Tuesday, June 20, 2006

Pentagon hallucinates new, better physics

WASHINGTON, D.C. (AP)--The Bush Crime Family is huffing glue in response to a possible North Korean missile test, defense officials told The Associated Press on Tuesday.

Because North Korea is a paranoid, secretive police state with no regard for world opinion, the way America would like to be, U.S. officials say they must consider the possibility that they are batshit insane enough to launch an actual attack. Thus, the Pentagon is considering the possibility of attempting an interception, two defense officials said, even though it would probably fail miserably and embarrass everyone involved.

The officials agreed to discuss the matter only on condition of anonymity because Donald Rumsfeld would have a shit hemorrhage if he knew.

Pentagon spokesweasel Bryan Whitman said he could not say whether the useless multibillion-dollar U.S. anti-missile defense system might be deployed in the event of a North Korean missile launch. That system, which includes a handful of missiles to be fired into the stratosphere at random from launch pads in Alaska and California, has never worked properly and never will.

Although shooting down a North Korean missile is a possibility, like monkeys shooting out the president's butt or Jesus returning, the Pentagon must also consider factors that would argue against such a response, such as the near-certainty of missing.

Bush Family button men have urged the North Koreans publicly and privately not to conduct the missile test, which would end a self-imposed moratorium in place since 1999. That ban was adopted after Japan and other nations pitched a fit over an August 1998 launch in which a North Korean missile flew briefly over northern Japan before stalling out and plummeting into the sea.

At the time of the 1998 launch, the United States had no system capable of shooting down a long-range missile in flight, even though the Reagan administration created a permanent homeless underclass paying for one a decade earlier. Since then, the Pentagon has cobbed together something it says is capable of defending against a limited number of missiles as long as we know where they're headed and have plenty of warning and they don't fly too fast or work too well.

The Government Accountability Office says the Pentagon has spent $91 billion on missile defense over the past two decades, some of it on actual equipment.

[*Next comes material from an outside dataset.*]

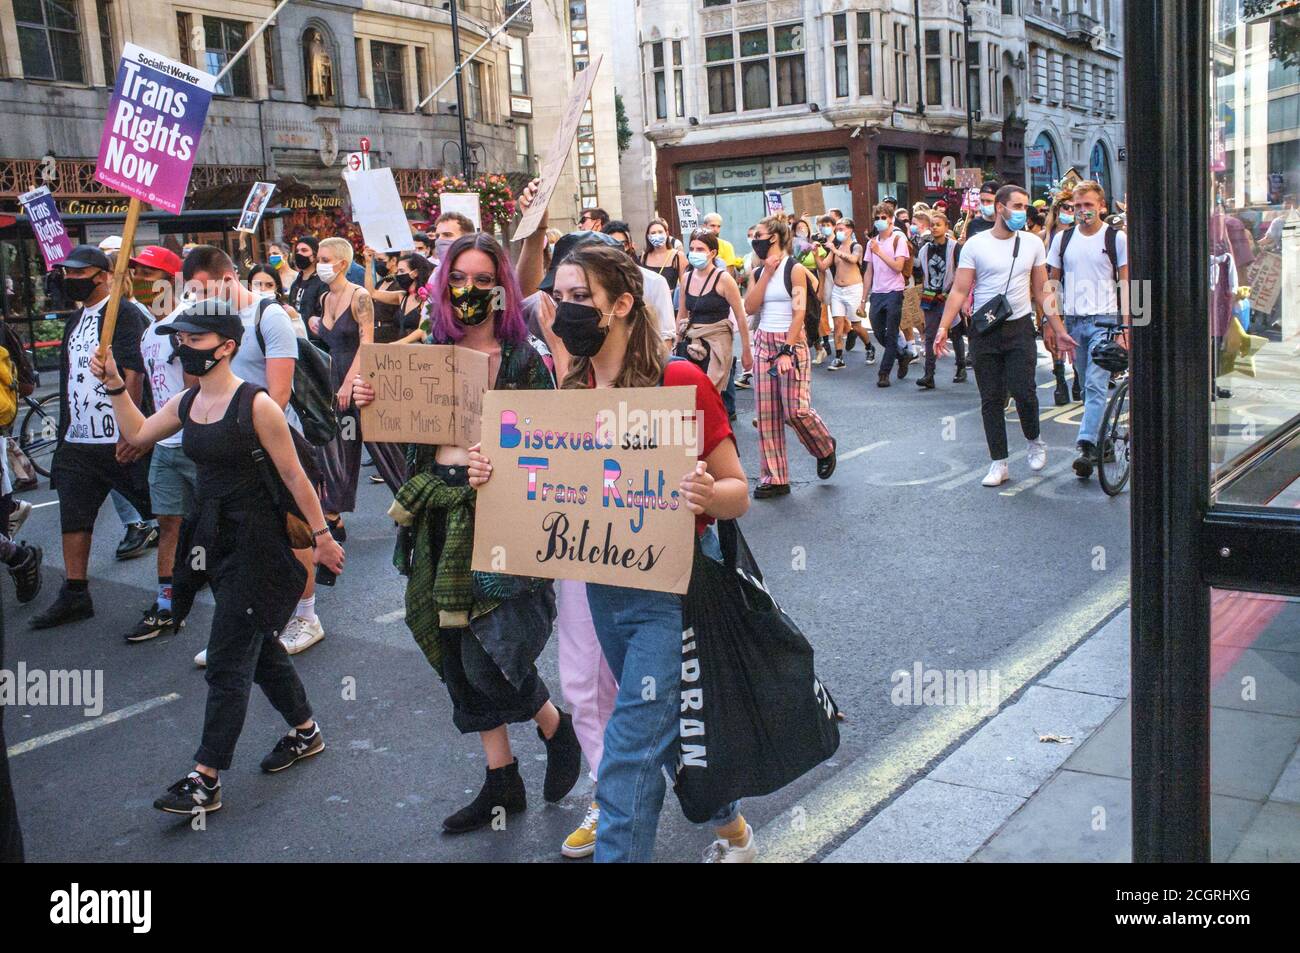 12. September, London, Großbritannien. Trans People marschieren durch London für eine progressive Reform des Gender Recognition Act (das Gesetz, das regelt, wie Erwachsene Trans-Männer und Frauen rechtliche Anerkennung ihres Geschlechts erlangen) und gegen transphobische Rhetorik. Sie setzen sich dafür ein, dass ihre Rechte im Gleichstellungsgesetz garantiert werden, und stehen gegen politische Eingriffe in die Gesundheitsversorgung junger Transmenschen. Die Organisatoren sind besorgt über den jüngsten Anstieg der Gewalt gegenüber der Trans+-Gemeinschaft. Dies ist erst der zweite märz, den die Gruppe in London abgehalten hat. Bridget Catterall/Alamy Live News Stockfoto

The 1998 event turned out to be a space launch rather than a missile test; U.S. officials said the satellite failed to reach orbit, and everyone had a good laugh.

U.S. and international concern about North Korea's missile capability is heightened by its claims to have developed nuclear weapons and its fuck-all-of-you rhetoric. It is not known whether they can build a nuclear warhead small enough to fit a long-range missile, although in April 2005 the director of the Defense Intelligence Agency, Vice Admiral Lowell Jacoby, told Congress that those people have tiny hands and therefore probably use tiny screwdrivers. U.S. officials have since called it a "theoretical capability, much like our ability to shoot it down in flight."

No administration official has publicly raised the possibility of bombing the North Korean missile before it can be launched, but it's only a matter of time. Jan Lodel, a senior Pentagon policy wonk during the Clinton administration, said in an interview Tuesday that given the paranoia inherent to the Age of Bush, he would not rule out a pre-emptive strike. He said it would be the surest away of eliminating the threat of being surprised by the launch of an intercontinental ballistic missile that some believe has enough range to reach U.S. territory, if Alaska counts.

David Wright, a senior scientist at the private Union of Concerned Scientists, said that the Bush cabal's claims of having the capability to shoot down a North Korean missile were "bullshit."

The last time the Pentagon registered a successful test in intercepting a mock warhead in flight was in October 2002. Since then, there have been three unsuccessful attempted intercepts, resulting in the mock destruction of New York, Los Angeles and Colorado Springs.